ESIP Cloud Computing Cluster Oct 30 - Arraylake: A Cloud-Native Data Lake Platform for Earth System Science

There are many reasons you might want to join this encore presentation of Pangeo Showcase: “Arraylake: A Cloud-Native Data Lake Platform for Earth System Science”, such as:

  1. You missed it!
  2. Like a classic movie, you could watch it over and over again.
  3. You were multi-tasking the first time around but you have a new fiscal year resolution to not multi-task anymore.
  4. You want to invite friends and watch them watch it.

Regardless of the reason, here is your chance.

Topic: Arraylake: A Cloud-Native Data Lake Platform for Earth System Science

When: Monday October 30th, 10:30-11:30 am PT / 1:30-2:30 pm ET / 7:30-8:30pm CEST

Who: Ryan Abernathey and Joe Hamman, Founders of

Where: Find joining information on ESIP Community Calendar

NOTE: THIS DAY AND TIME IS DIFFERENT FROM THE ORIGINAL ESIP COMMUNITY CALENDAR. The ESIP community calendar should be updated with this new day and time soon.

The vast amount of earth system data available today is an incredible resource for understanding our planet and confronting the challenge of climate change. Traditionally, a few large organizations have provided most of the data, and users have downloaded data to local computers. This way of working is becoming increasingly infeasible as data volumes grow and as AI-based methods demand direct access to full-scale data archives.

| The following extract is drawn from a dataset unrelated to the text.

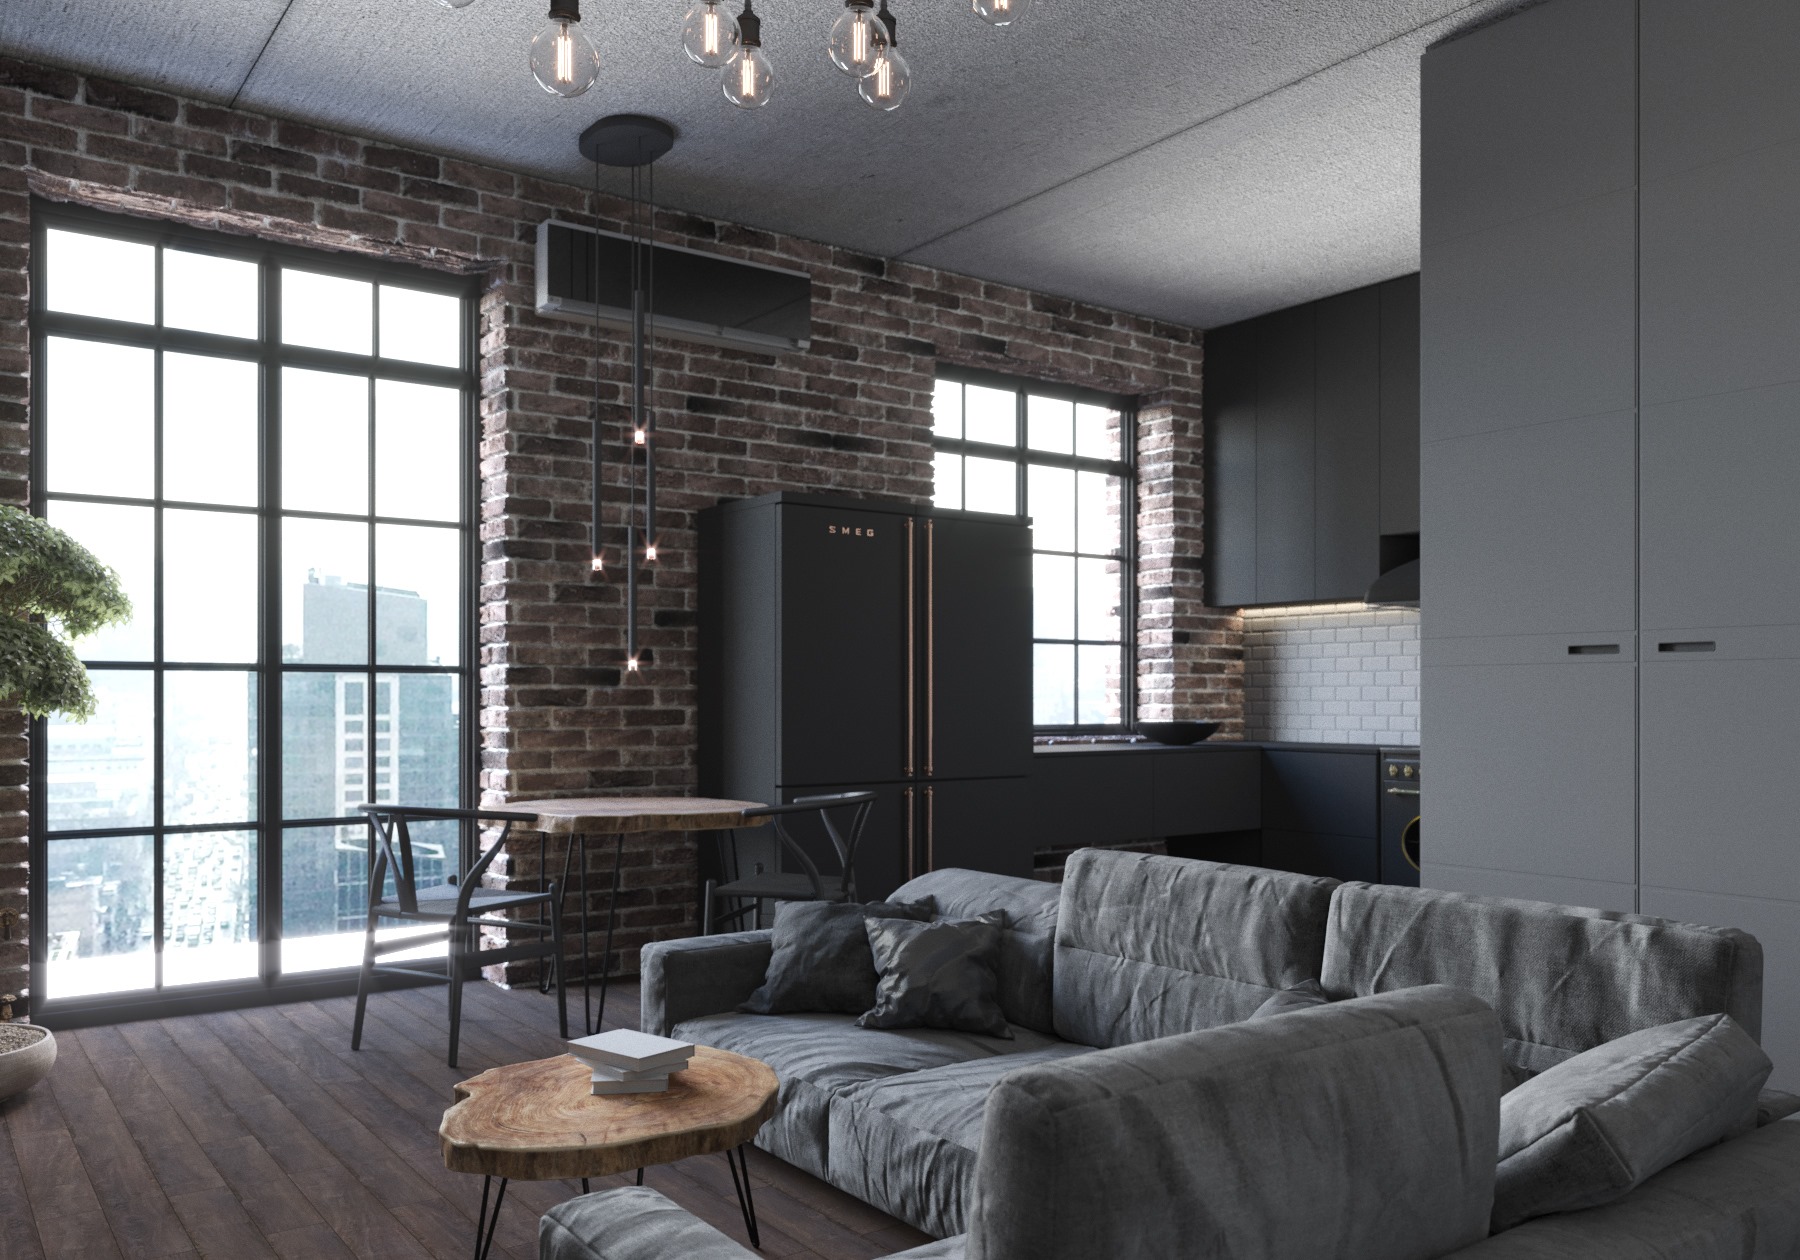 Industrial style apartment interior design

With essentially infinite compute and storage capacity, cloud computing has the potential to revolutionize our interaction with weather and climate data, allowing everyone to bring their own compute workloads to bear against a single shared copy of the data. Over the past years, via our work in the Pangeo project, we have prototyped a cloud-native approach to weather and climate data in the cloud, combining scalable computing technologies such as Xarray and Dask with analysis-ready, cloud-optimized data in formats like Zarr. While these tools show great potential, they remain difficult to deploy and use in an operational context for many scientists and institutions.

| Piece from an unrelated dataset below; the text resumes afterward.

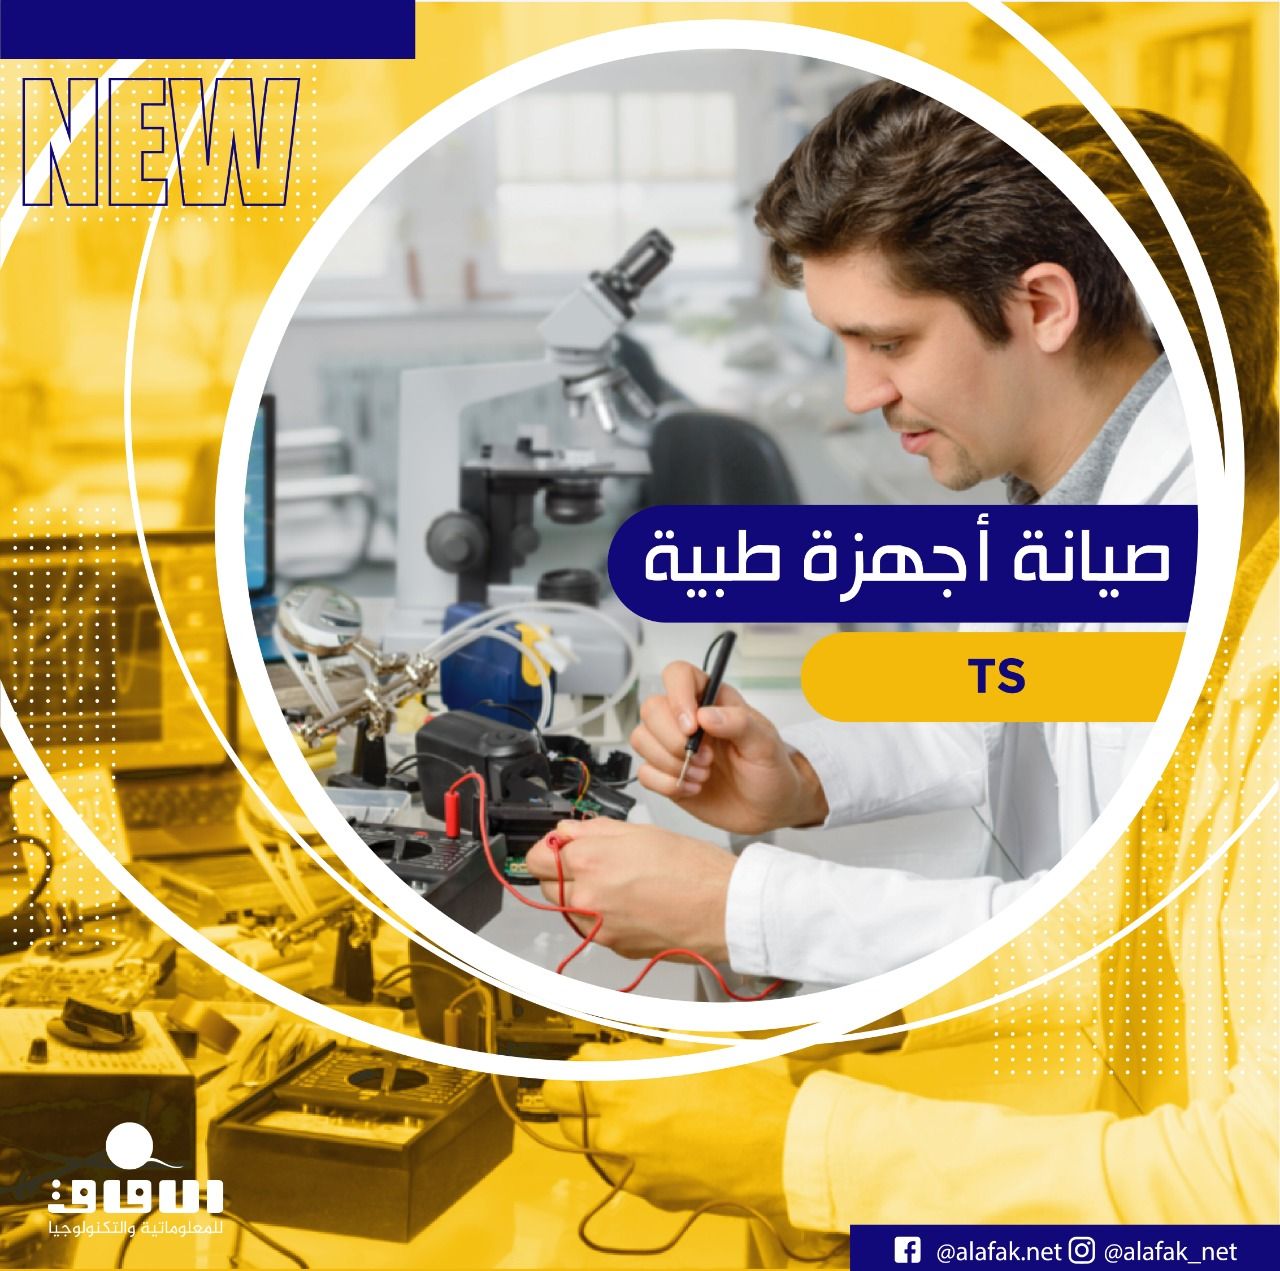 معاهد الآفاق فرع صور - المهنيه الجعفريه تعلن عن استمرار التسجيل للعام الدراسي الجديد

Motivated by this challenge, we founded Earthmover, a company aimed at democratizing access to state-of-the-art cloud-native data analytics, and built Arraylake, a data platform which enables teams of any size to manage and analyze weather and climate data in the cloud. Arraylake users can access high-quality public datasets alongside their own private data, all via the high-performance Zarr data standard. This talk describes Arraylake’s architecture, novel version control system for data, and approach to supporting all common climate data formats (NetCDF, HDF5, Grib, Tiff, Zarr) via a single, user-friendly interface. Via a short demo, we illustrate how Arraylake helps overcome common data management challenges that have henceforth limited widespread adoption of cloud computing in earth system science.

  • 5 minutes - Welcome and Announcements
  • 30 minutes - Presentation
  • 25 minutes - Q + A